BEGIN Provided data

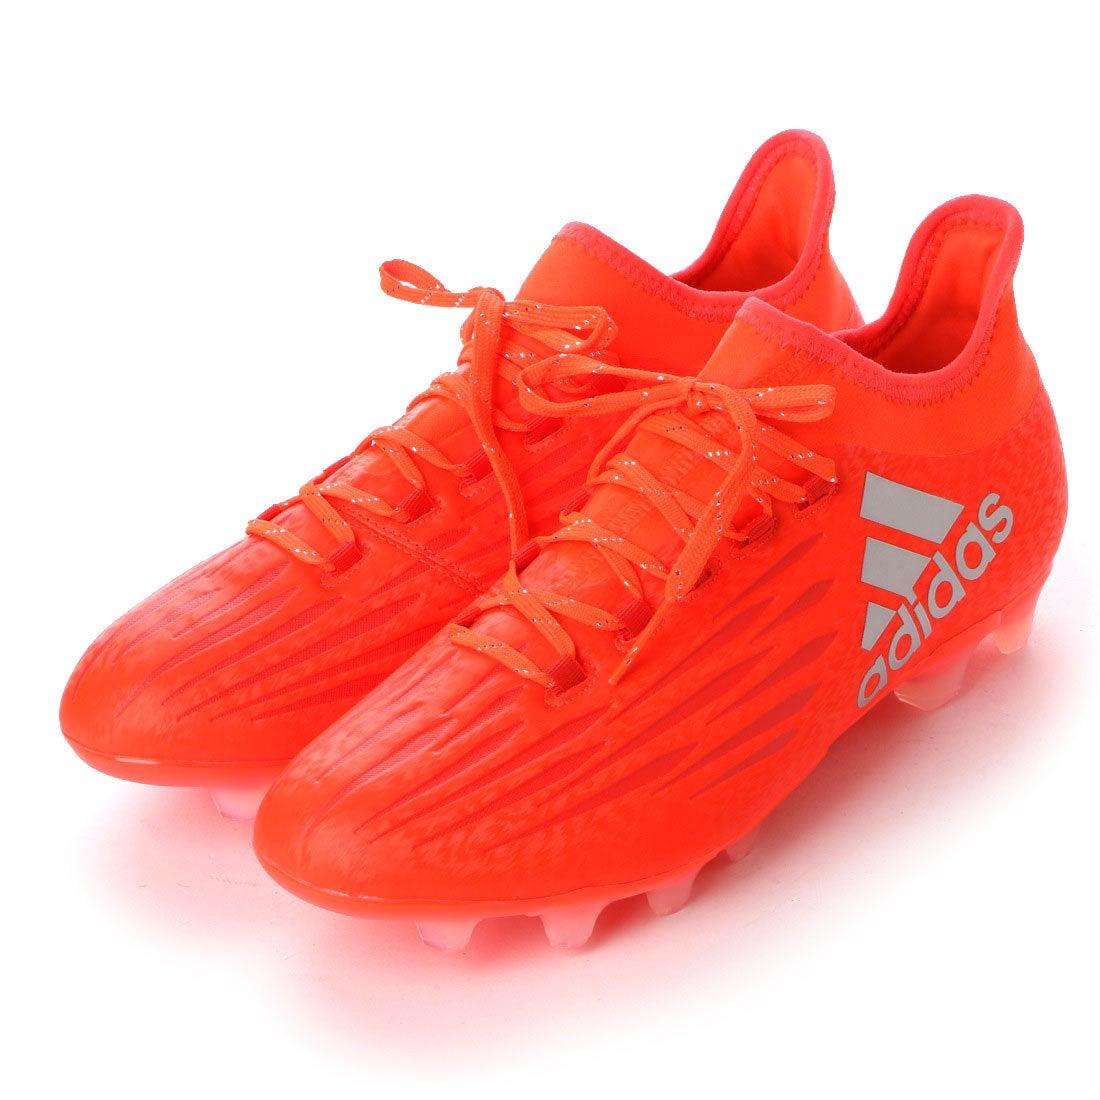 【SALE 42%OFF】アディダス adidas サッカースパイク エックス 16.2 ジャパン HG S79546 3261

END Provided data
BEGIN Provided data

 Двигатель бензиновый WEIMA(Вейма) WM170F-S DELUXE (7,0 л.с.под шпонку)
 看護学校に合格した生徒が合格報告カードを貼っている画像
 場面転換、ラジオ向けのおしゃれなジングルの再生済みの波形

END Provided data

_What you need to do:_ From the records above, print exactly the lines that run from the line with "Двигатель бензиновый WEIMA(Вейма)" to the line with "場面転換、ラジオ向けのおしゃれなジングルの再生済みの波形", inclusive.

_Exercise solution:_
 Двигатель бензиновый WEIMA(Вейма) WM170F-S DELUXE (7,0 л.с.под шпонку)
 看護学校に合格した生徒が合格報告カードを貼っている画像
 場面転換、ラジオ向けのおしゃれなジングルの再生済みの波形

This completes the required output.